Putra bungsuku, si dokter yang masih berada di Texas, Amerika Serikat, kuberi tahu singkat bagaimana perjalanan perjuanganku melawan gatal. Ahaaa  ... dia malah membalasku dengan agak sewot.
"Mama menyekolahkan aku di kedokteran mahal-mahal, cuma dicritani  tentang pemanfaatan herbal? Kenapa nggak Mama sekolahkan di jurusan tabib saja?"
Dalam hati aku juga ingin tertawa, tetapi aslinya pasti dia kesal padaku. Bagiku yang asli orang desa dan masih tergolong kuno ini, kuakui sih kalau memang gemar sistem herbal begitu. Sama dengan suami ketika kuminta membelikan krim gatal.
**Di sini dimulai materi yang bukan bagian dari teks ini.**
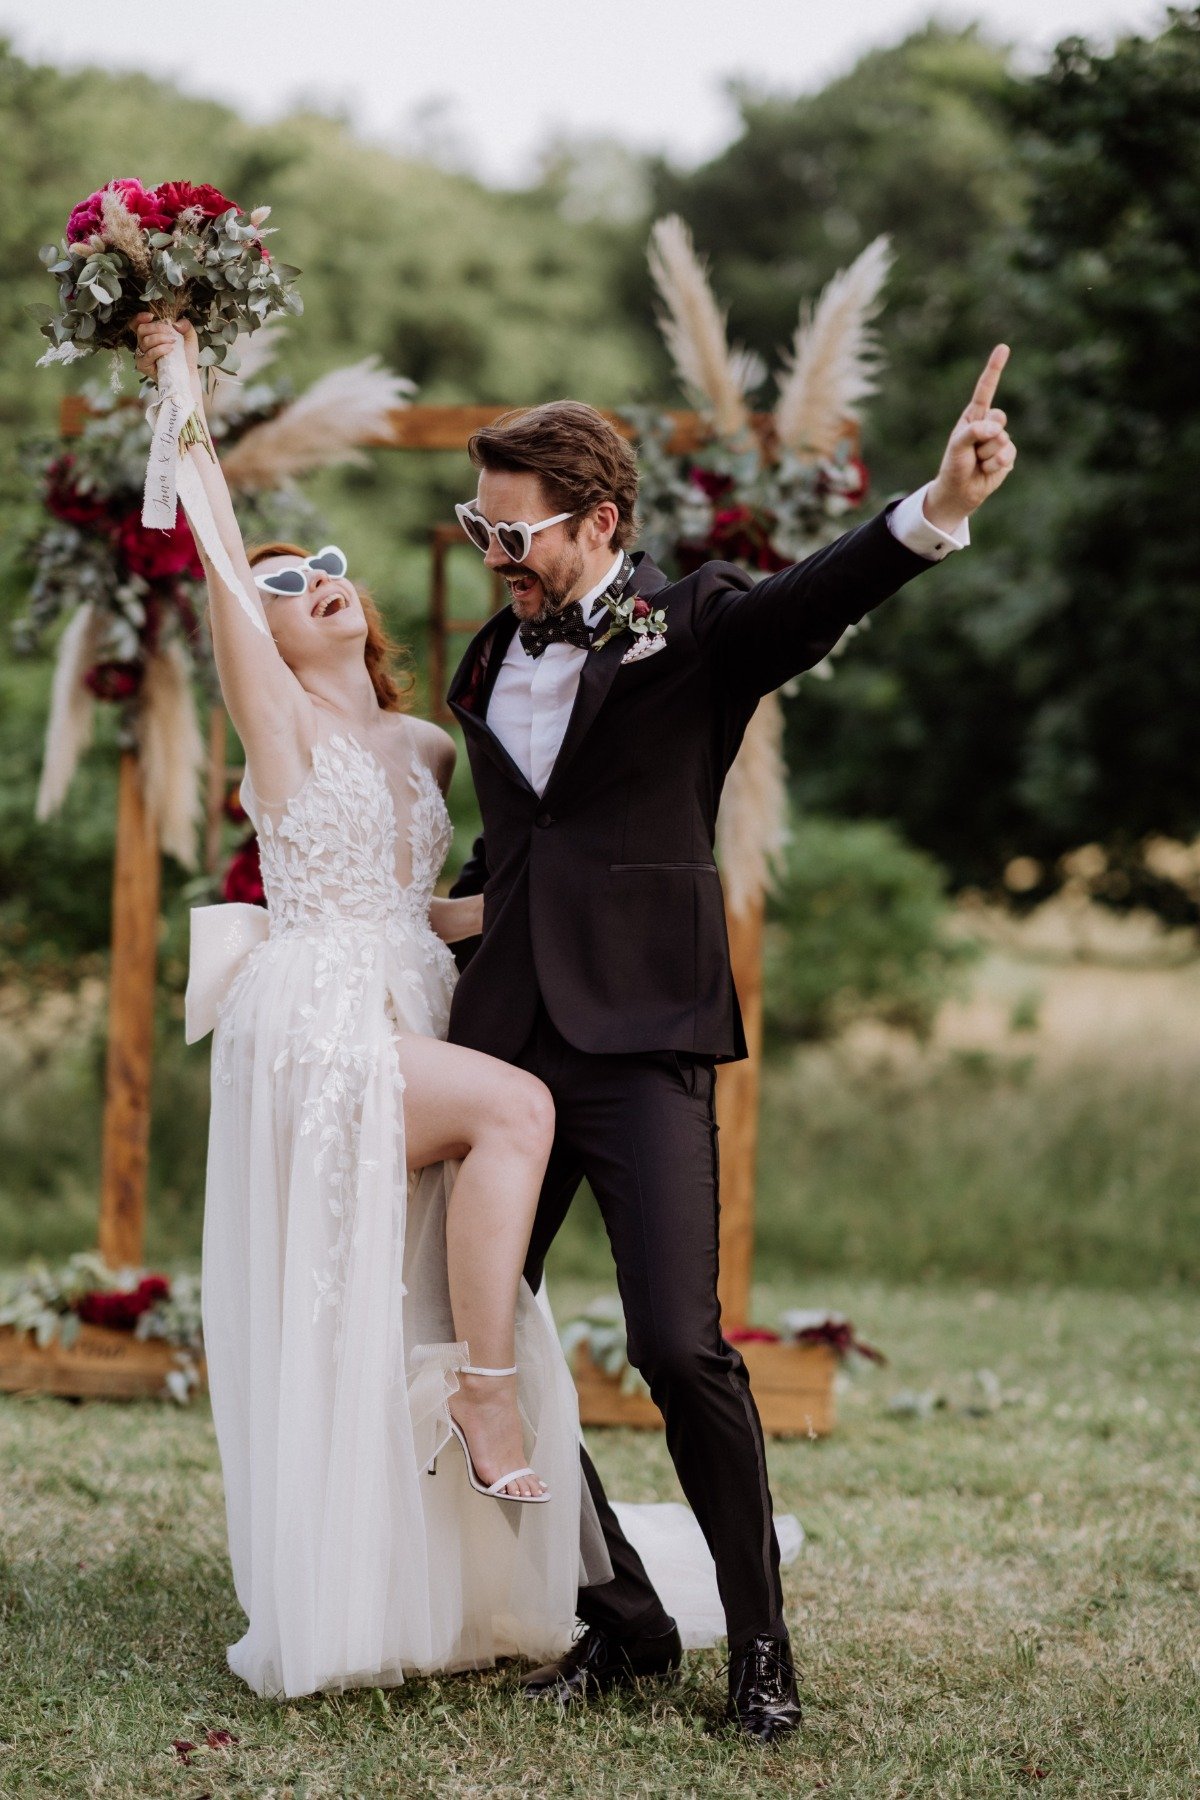 Sample Ceremony Scripts You'll Want - Weddingchicks

"Aku aja pakai daun sirih dan garam bisa sembuh, kok! Coba saja Mama pakai obat, sembuh enggak? Kalau nggak sembuh, pakai saja daun sirih. Ini loh, aku sengaja beli layah (cobek) batu! Coba aja!" tutur suami.
"Loh ... Papa punya layah batu? Kok aku nggak tahu, sih?" heranku.
"Sengaja kusembunyikan biar Mama nggak tahu!" senyum tipisnya merekah. Lucu juga.
"Ah, ternyata benar. Dioles obat tak ada hasil. Dasar orang kuno!" Â senandikaku sambil tersenyum.
Tanggal 20 Mei 2024 putra tengah dari ibu kota mengingatkan, "Jangan lupa siapkan kamar depan, ya Ma! Aku pulang. Soalnya tanggal 22 Â diminta mengajar di Unibraw bareng Mas sulung. Tapi dia ngajarnya online!"
Ternyata, kedatangan bus mepet dengan jadwal sehingga dari pol Damri langsung ke kampus dijemput kawannya. Akhirnya, dia sampai rumah menjelang senja.
"Aduhhh ... capek banget aku, Ma!" tuturnya di senja hari itu.
"Mandi dulu sana, langsung istirahat!" pintaku.